Return the whole listing exactly, omitting the pictures.
Recorded data: Begin
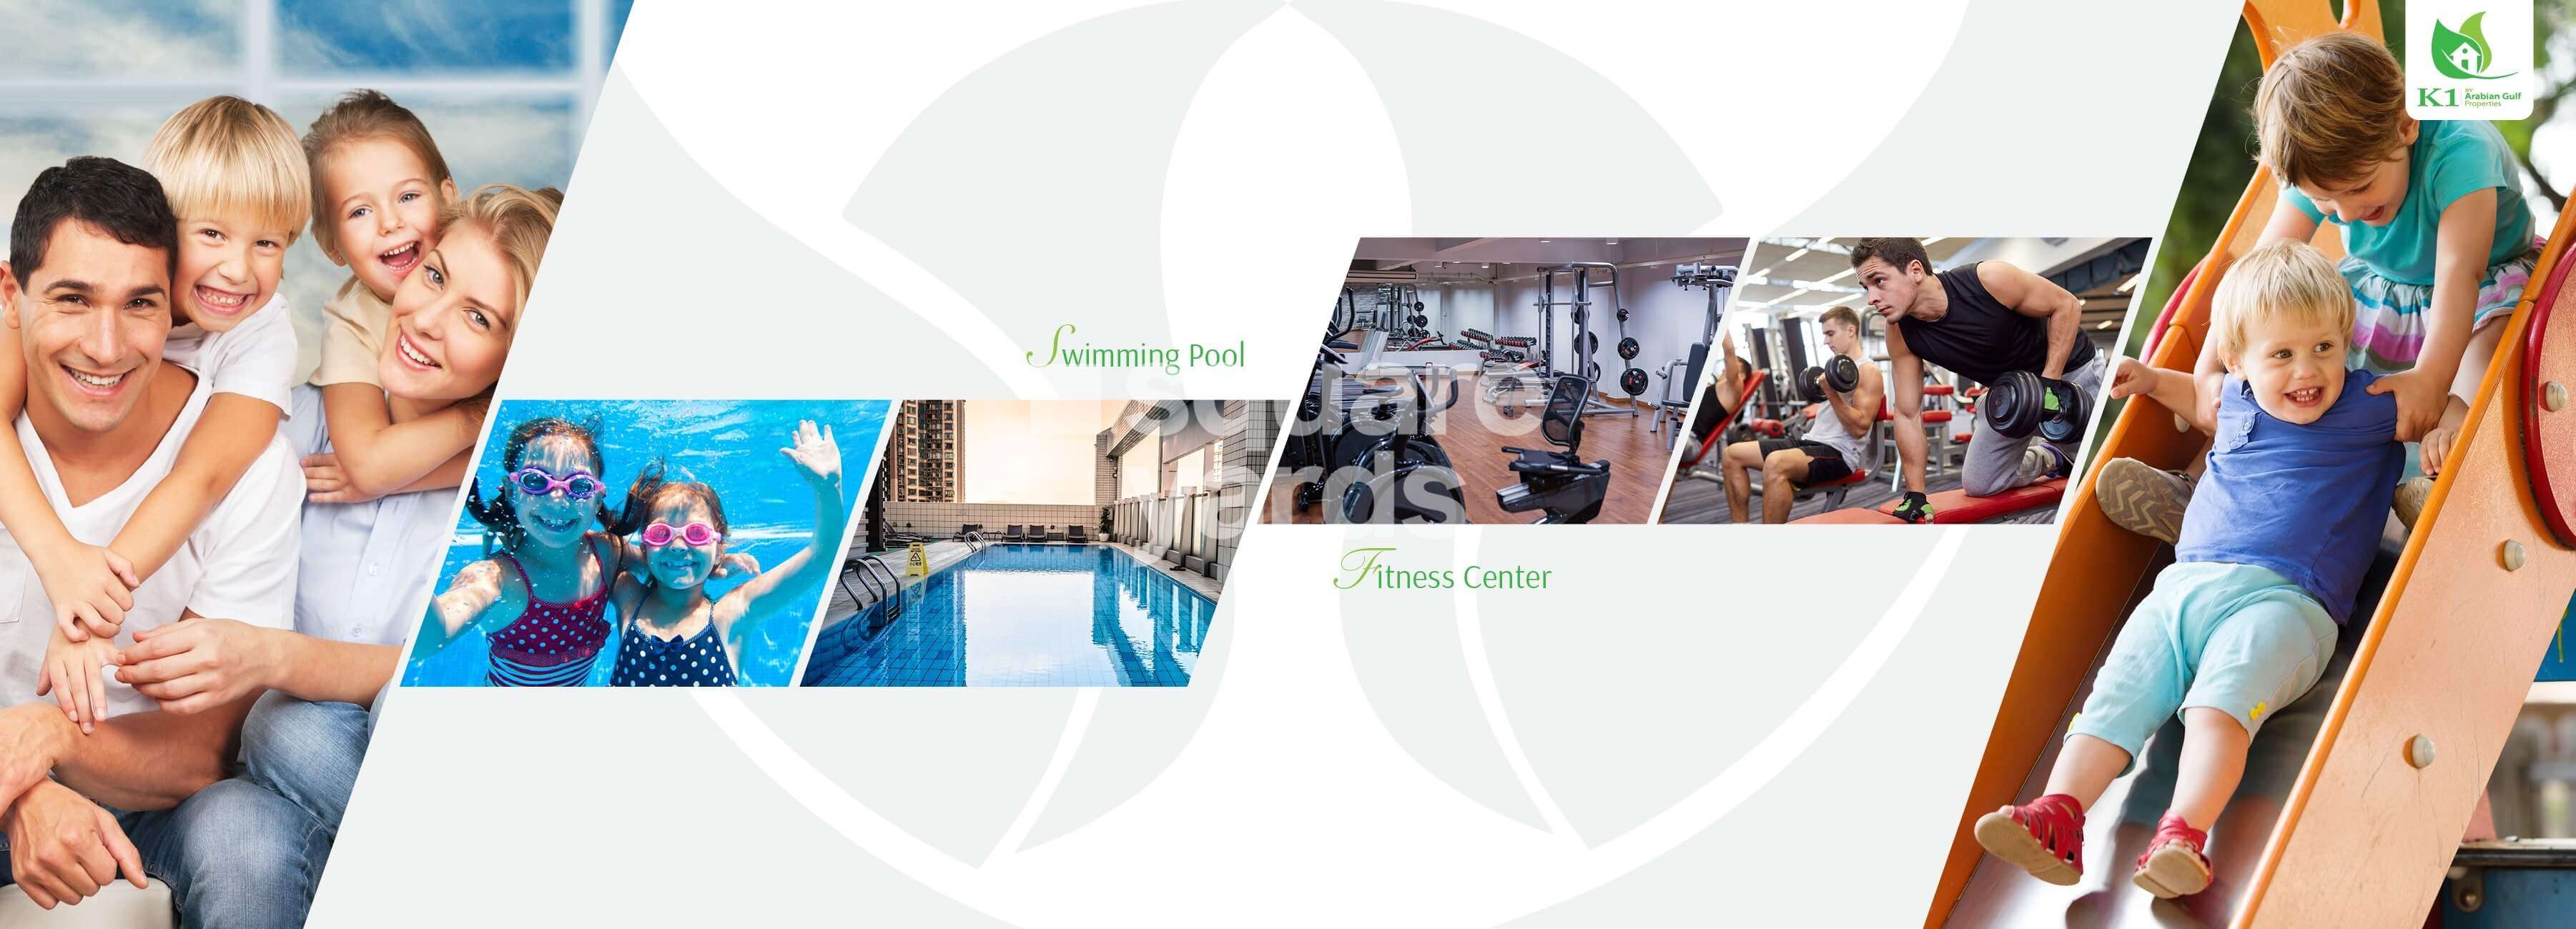 k1 residence amenities features4
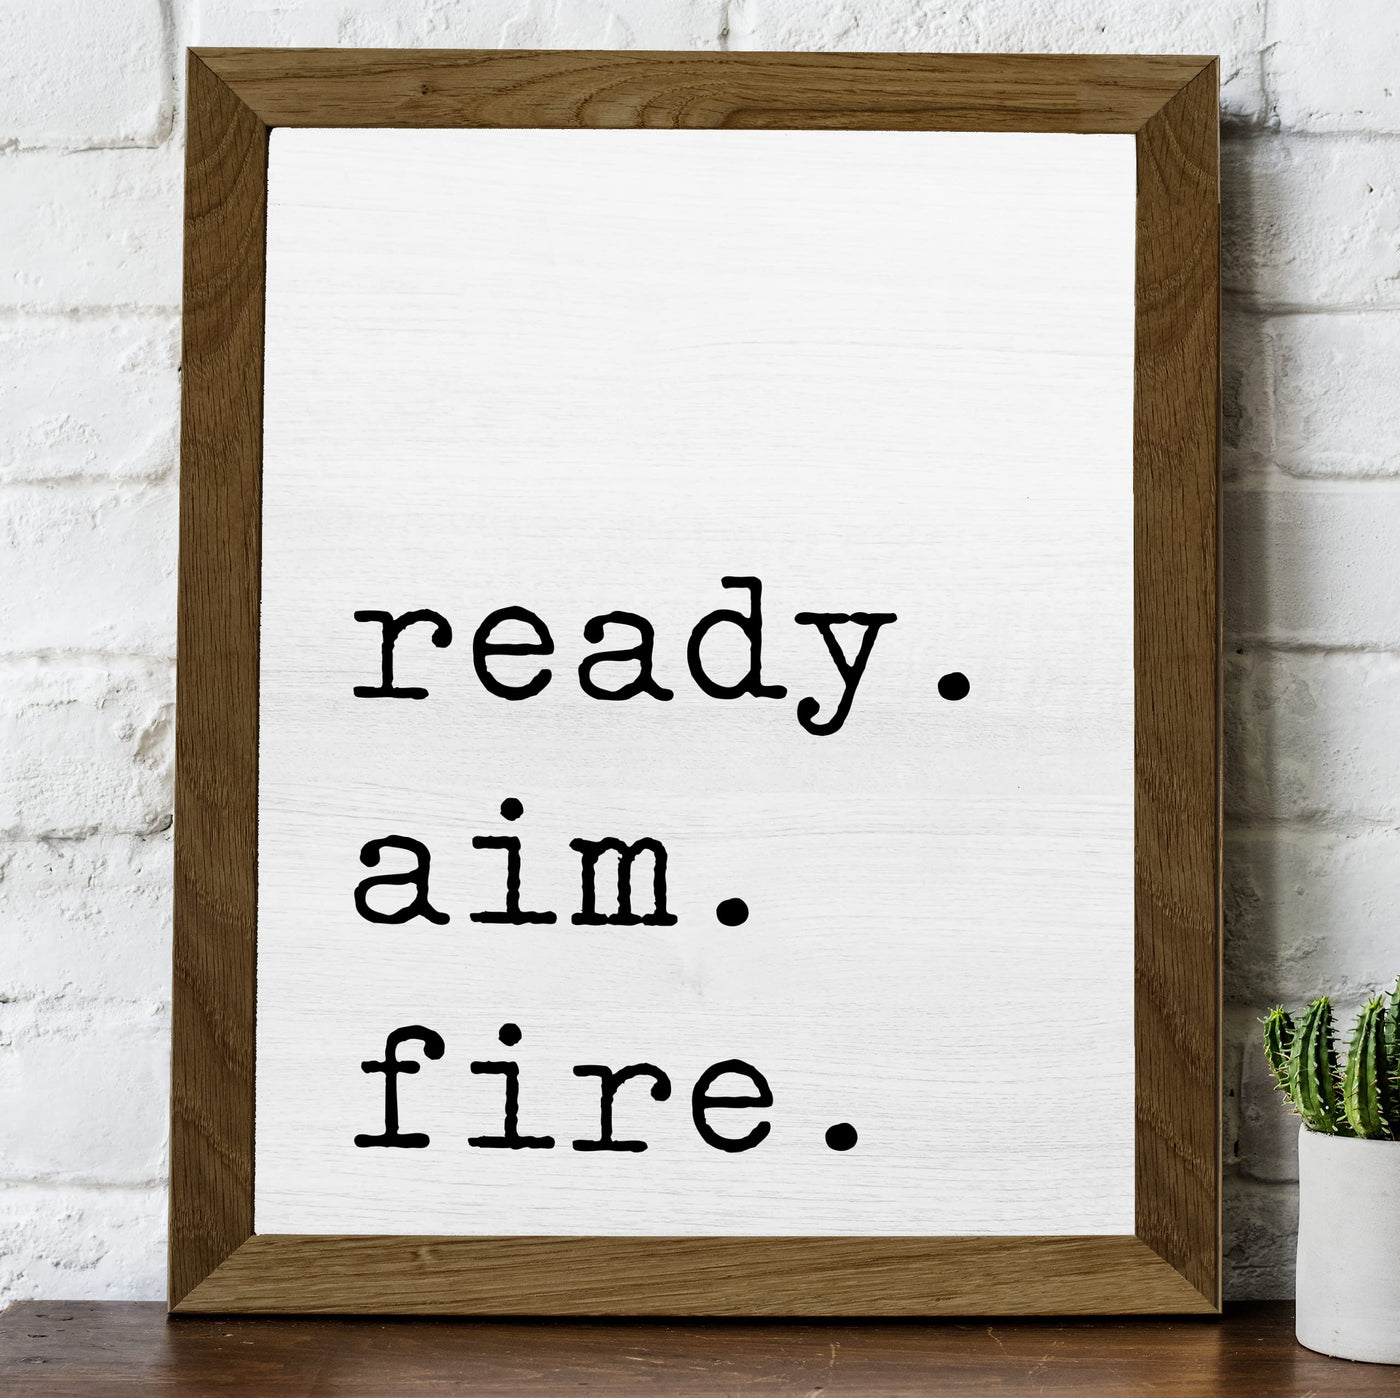 Ready. Aim. Fire. Funny Bathroom Quotes Wall Decor -8 x 10" Modern Farmhouse Art Wall Print -Ready to Frame. Humorous Toilet Decoration for Home-Office-Guest House-Cabin. Fun Restroom Sign!
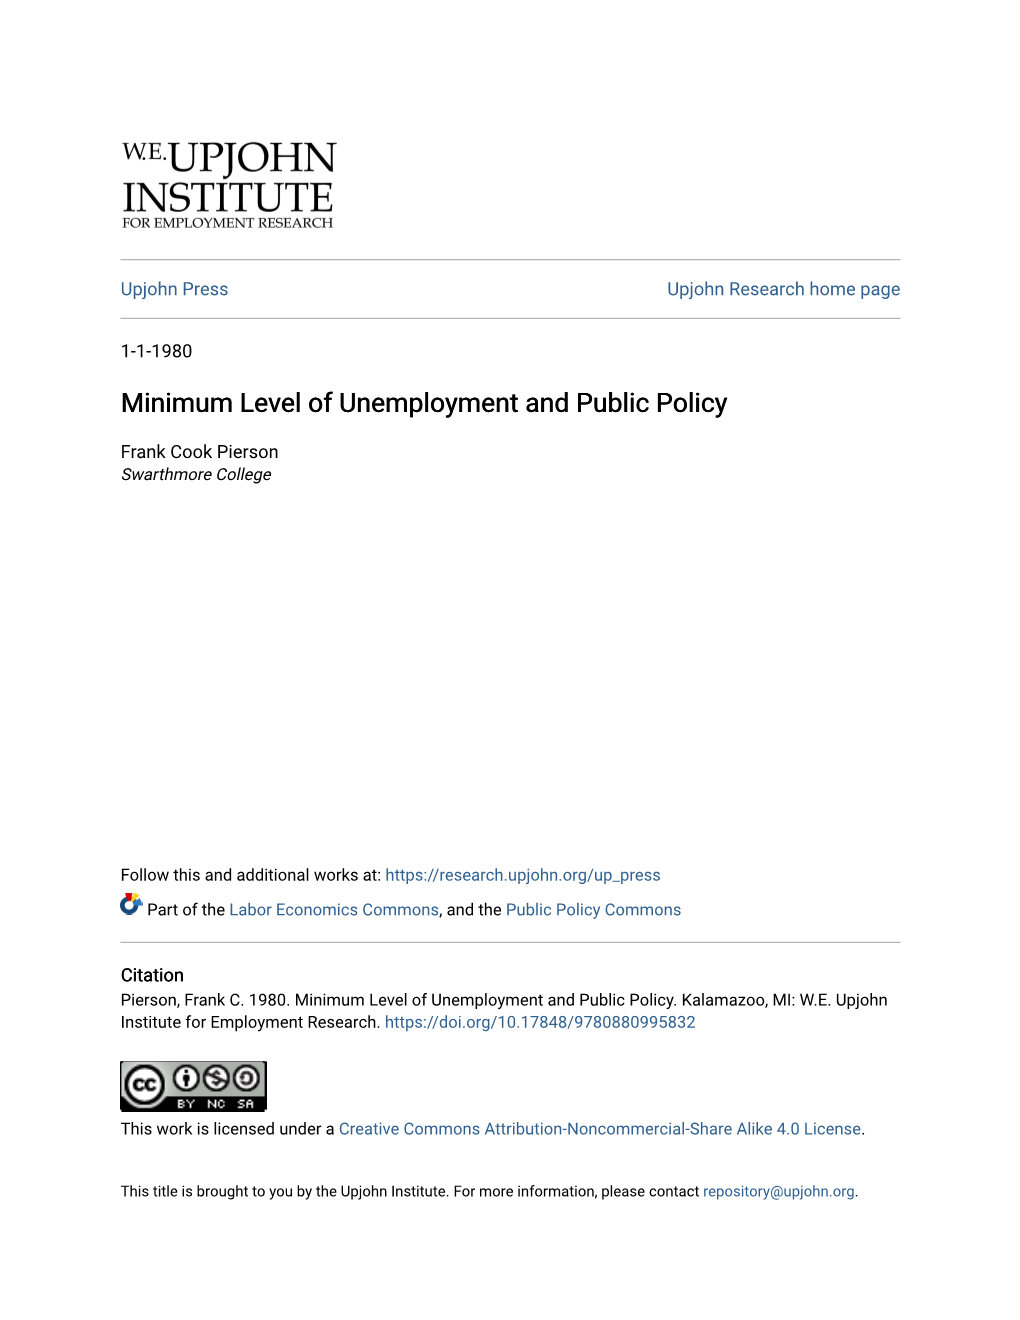 Minimum Level of Unemployment and Public Policy
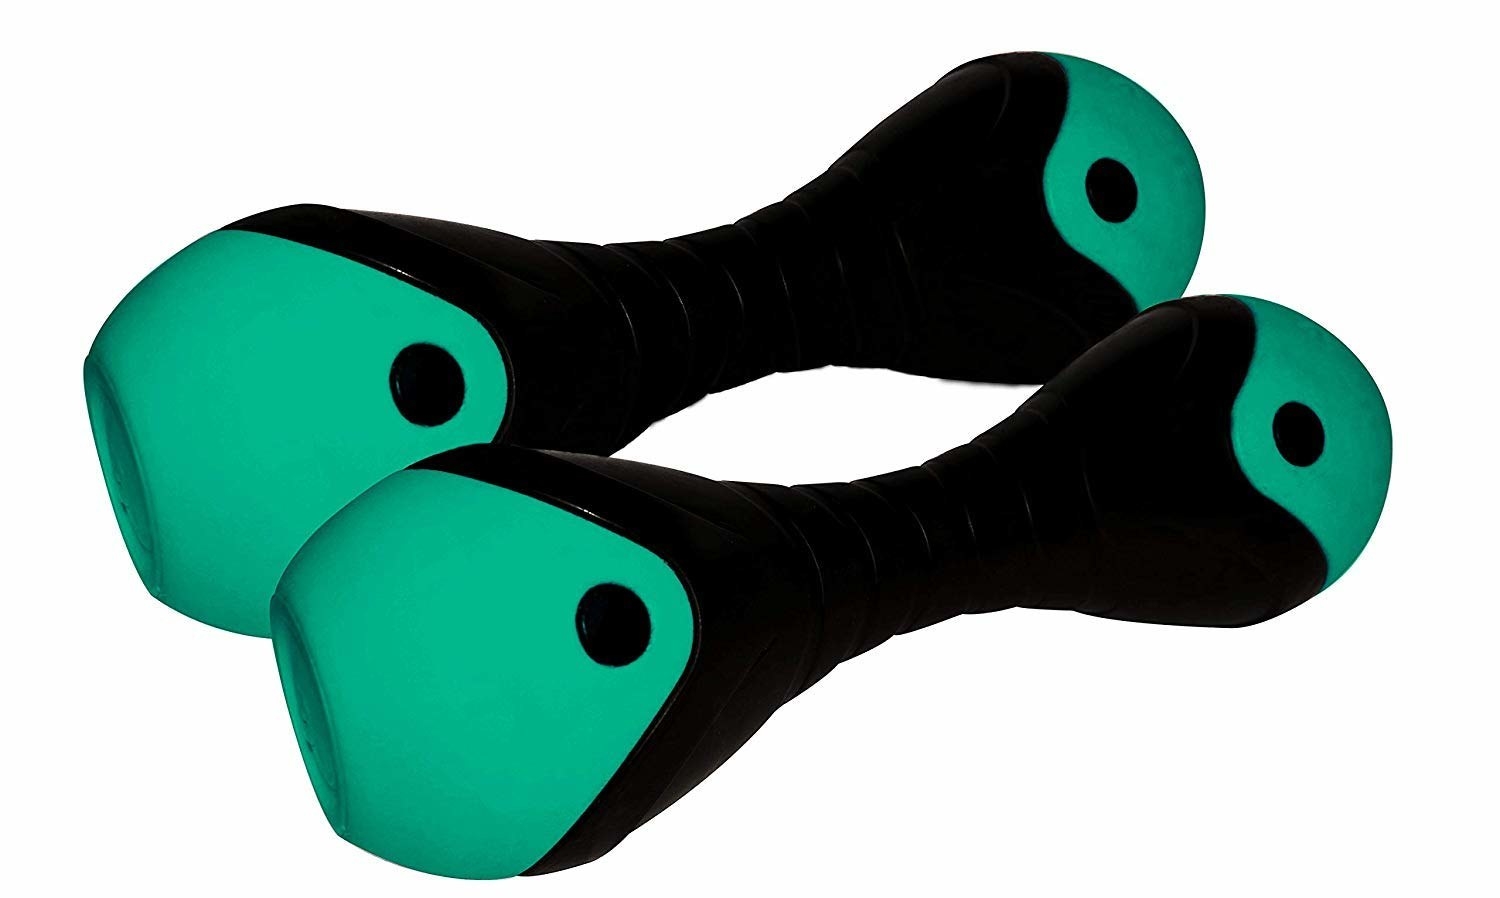 A pair of green and black dumbbells.
Recorded data: End
__Response to this exercise__:
 k1 residence amenities features4
 Ready. Aim. Fire. Funny Bathroom Quotes Wall Decor -8 x 10" Modern Farmhouse Art Wall Print -Ready to Frame. Humorous Toilet Decoration for Home-Office-Guest House-Cabin. Fun Restroom Sign!
 Minimum Level of Unemployment and Public Policy
 A pair of green and black dumbbells.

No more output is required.